By Euler's identity, $$e^{i\theta}=\cos\theta+i\sin\theta$$ And so if we let $$\phi=e^{i\theta}=\cos\theta+i\sin\theta$$ Then we have $$\phi=e^{i\theta}$$ $$\theta=\frac{\ln\phi}{i}$$ $$\theta=-i\ln\phi$$ and $$\phi=\cos\theta+i\sin\theta$$ and, using an inversion formula that I explained in my question here, $$\theta=\arcsin\frac{\phi}{\sqrt{1^2+i^2}}-\arcsin\frac{1}{\sqrt{1^2+i^2}}$$ $$\theta=\arcsin\frac{\phi}{\sqrt{1-1}}-\arcsin\frac{1}{\sqrt{1-1}}$$ $$\theta=\arcsin\frac{\phi}{0}-\arcsin\frac{1}{0}$$ and so it seems that $$-i\ln\phi=\arcsin\frac{\phi}{0}-\arcsin\frac{1}{0}$$ Is there any meaning in this whatsoever? Why does this happen when I try to manipulate Euler's formula?

Answer 1

Your problem resides in taking the $\ln$ of a complex exponential. You assert that $e^{i \theta} = \phi$, but notice that:

$$e^{i \tau} = e^{2 i \tau} = e^{3 i \tau} = ... = 1$$

(I use $\tau = 2 \pi$). This shows that the complex exponential is not a one-to-one function, and so you can't just take its inverse with $\ln$. Thus your assertion that:

$$ \theta = \frac{\ln \phi}{i}$$

May not be true.

[EDIT:] In regards to why you obtain a division by zero inside your $\arcsin$, the issue lies in the derivation of your formula for inverting $a \cos x + b \sin x$.

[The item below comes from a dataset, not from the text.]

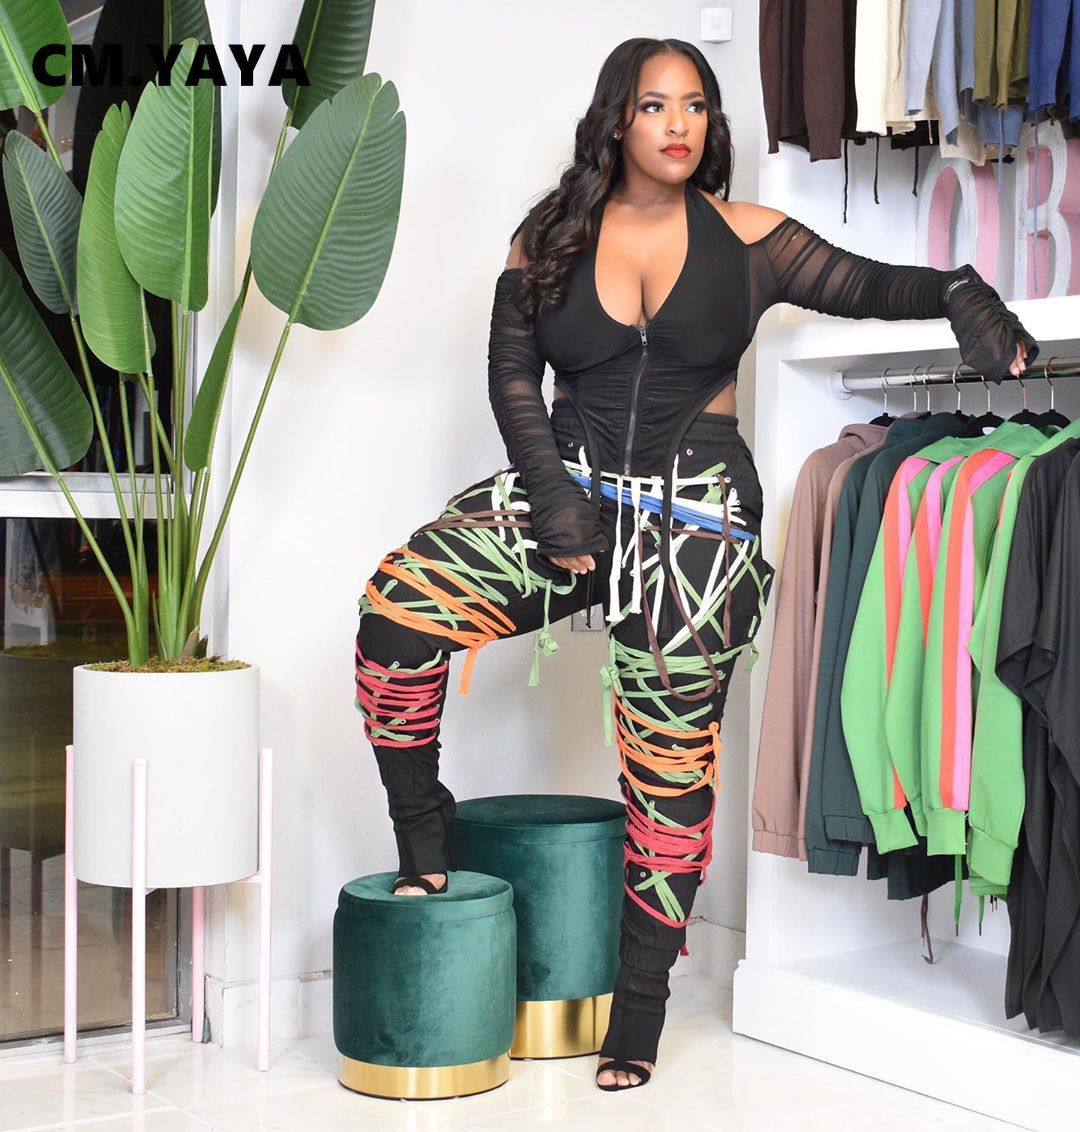 CM.YAYA Streetwear Frauen Lace Up Saiten Hosen Hohe Taille Hip Hop Hosen Active Sport Jogger Jogginghose

In your question that you referenced, you multiply and divide your equation by $\sqrt{a^2 + b^2}$. In this case, since $a^2 + b^2 = 0$, you're dividing by $0$, which isn't allowed. You may have to find a different way to get an inverse while avoiding dividing by zero.